Страшно было смотреть, когда она приходила в отчаяние; волосы подымались у нас на голове, когда она хохотала вдруг и звала кого-то на своем неизвестном языке, постоянно повторяя одно и то же имя.
Мне нетрудно было запомнить это имя, потому что у старых господ так звали нашего старшего паныча.
— А как звали его? — спросил Вацлав.
— Его звали Генрихом, — ответил старик, — упокой, Господи, его душу: он был добрый-предобрый человек. Промучившись так несколько часов, несчастная, — говорил далее пасечник, — наконец отдала душу Богу, и из окостеневших рук ее мы насильно должны были вырвать плакавшего ребенка. Моя старуха взяла его и принесла в нашу хату, а бумаги спрятали мы в пустой улей и закидали сухими листьями. Я тотчас же побежал во двор дать знать о смерти бедной женщины, и, когда я сказал графу, он побледнел только, отдал приказание о погребении и, бросив мне пару рублей, прибавил:
— Дитятю отнести во двор.
— Ясновельможный граф, — сказал я, — у меня нет детей, если бы вы позволили нам воспитать у себя сиротку?
Он подумал и сказал:
— До времени, пожалуй, потом может быть другое распоряжение; до тех пор пускай останется у вас. А остались ли там какие-нибудь вещи после этой нищей? — спросил он.
— Ничего, — сказал я, — кроме изорванного платья.
Словно ему что-нибудь вдруг пришло на мысль: он взял поспешно палку, шляпу и молча пошел со мной на пасеку. Здесь он не хотел войти в избу, где лежала покойница, но приказал только нам принести ее вещи, пересмотрел их и спросил, не видели мы каких-нибудь бумаг, и, не найдя ничего, так как я должен был ему соврать, что она во время болезни все сожгла, ушел домой, говоря про себя, так что я, однако же, хорошо слышал: «Это был обман!» А на дитятю и не взглянул.

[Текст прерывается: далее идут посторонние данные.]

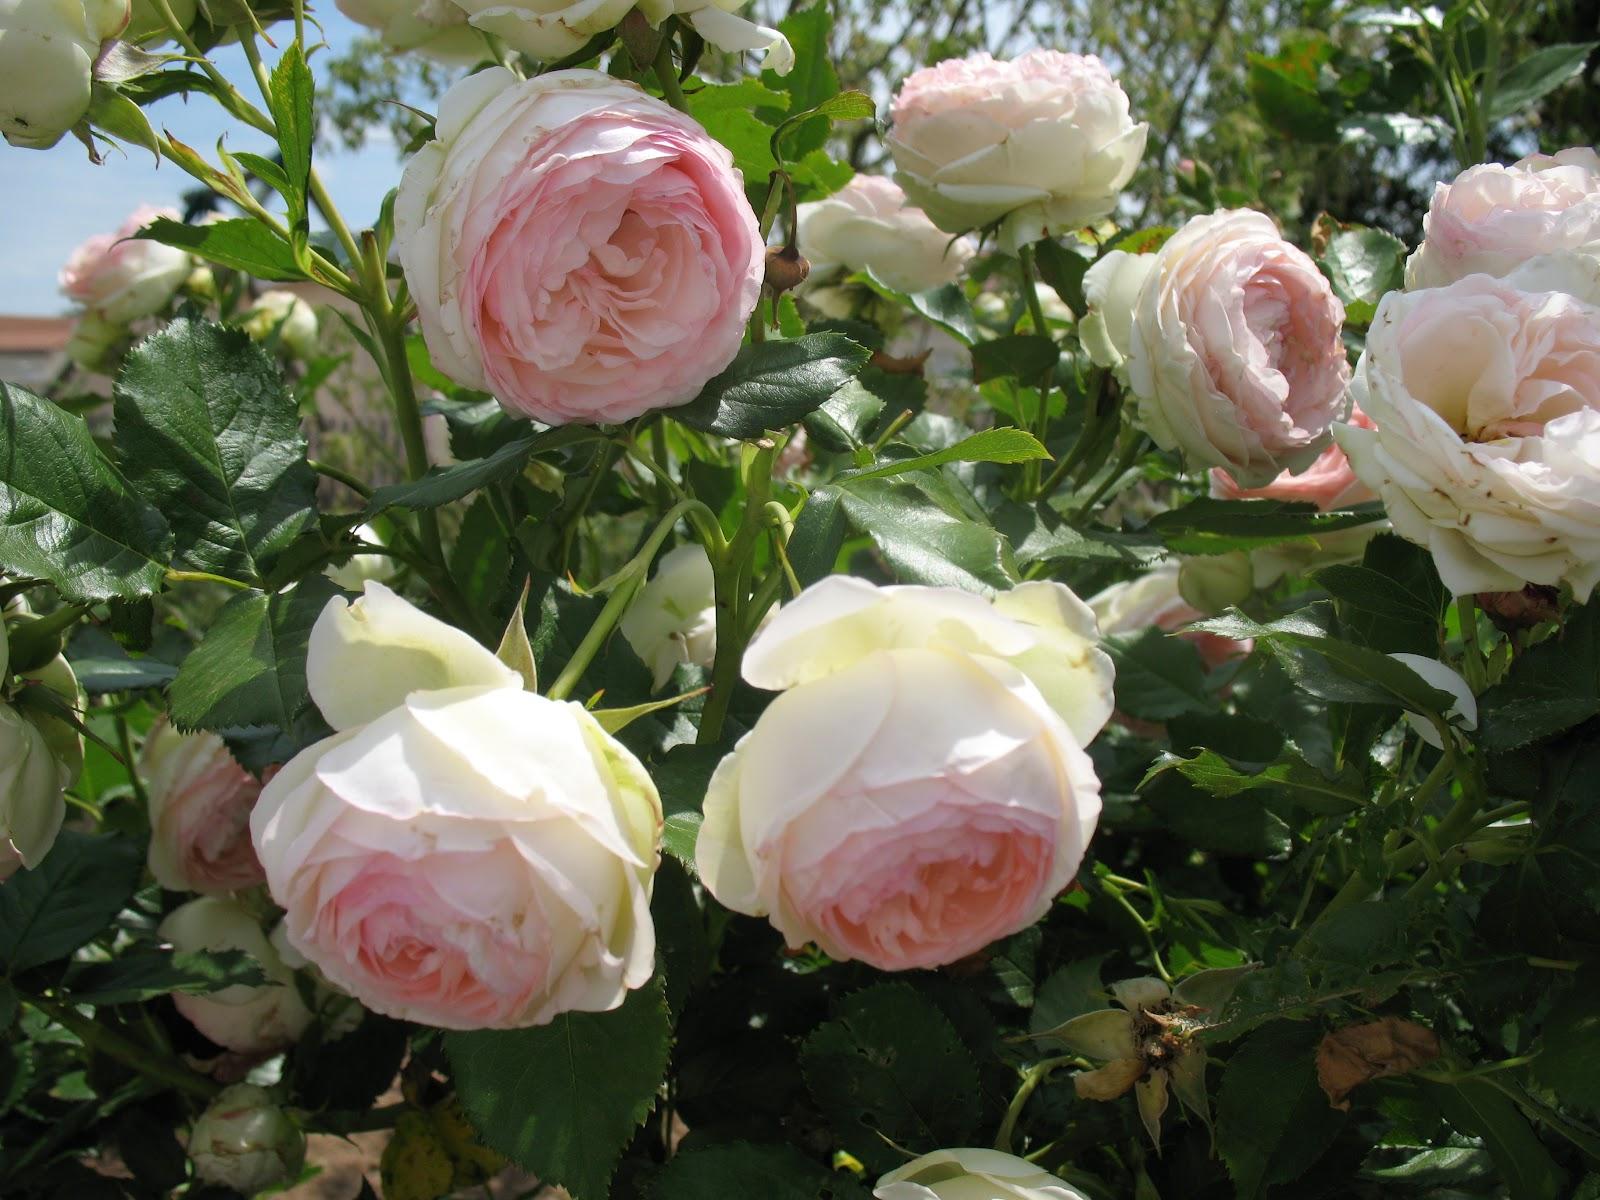 Roses du jardin ch neland rosier pierre de ronsard - Quand couper les rosiers ...

Вы, дорогой паныч, остались у нас, но ненадолго: на шестом году уж вас взяли во двор; это случилось как-то вдруг; накануне еще граф обещал, что оставит вас у меня, и потом, когда наехали какие-то чиновники и стали расспрашивать о вашей матери, велел отдать вас во двор.
— Где же эти бумаги? Где же эти бумаги? — с беспокойством спросил Вацлав. — У тебя ли они? Не пропали ли?
— У меня, у меня, — произнес старик, оглядываясь внимательно и вынимая из-за пазухи довольно большую пачку, запачканную и, очевидно, от темноты и сырости попортившуюся. — Вот отдаю их вам. И благодарю Бога, что он дал мне дожить до этой минуты; я умру теперь спокойно.
Вацлав выхватил из рук старика пачку, поцеловал ее, прижал к груди, хотел открыть, но темнота вечера удержала порыв и беспокойное любопытство. Пасечник продолжал:
— Как только взяли вас во двор, сейчас и меня отправили в Подолию. Я просил очень, чтобы меня оставили здесь подле своих на родине; но граф как скажет что-нибудь, так уж не вымолишься. Итак, пришлось несколько лет бедовать и трудиться на чужой стороне; и каждый год просился я к своим, и каждый год говорили мне: «Нельзя да нельзя». Наконец, теперь как-то, несколько месяцев тому назад, позволили мне придти сюда. А у меня уж и сил недоставало ждать, как бы скорей отдать вам эти бумаги; некому было поручить их, и я страшно боялся, что меня так захватит смерть, тогда хотя из гроба вставай. Бывало, как подумаю, так просто дрожь берет. Ну, слава Богу! Теперь уж мне легко будет, когда настанет последний час!
Сказав это, он встал и, благословляя Вацлава, который с почтением встал перед ним на колени, произнес:
— Дай тебе Боже всего хорошего! Ты был хотя несколько лет дитятей моим и моей старухи; думали мы, что нянчим тебя для нас, но и ей пришлось умереть и мне доживать свой век стариком сиротою.
Слезы полились у него по морщинистому лицу.
— Да, да, — произнес он, — но уж мне недолго доживать и охать: пора к своим на кладбище. У меня уж на свете не осталось никого, даже внуки от сестры померли, нет ни живой душеньки, и пасеку мою перенесли на Гавриловское урочье, и старая изба, где мы жили, сгнила и развалилась… Я выпрошу себе позволение поставить шалаш на старом месте и перебьюсь кое-как, пока придется сложить голову. Будет мне казаться иногда, что я тут с моей старухой.
Вацлав хотел отдать старику все, что было у него, а было у него немного, но старик отказался.
— А мне на что? — сказал он. — В куске хлеба нигде мне не откажут, кафтанов у меня два, несколько рублей в узелке… не нужно мне этого: тебе пригодится, дитя мое.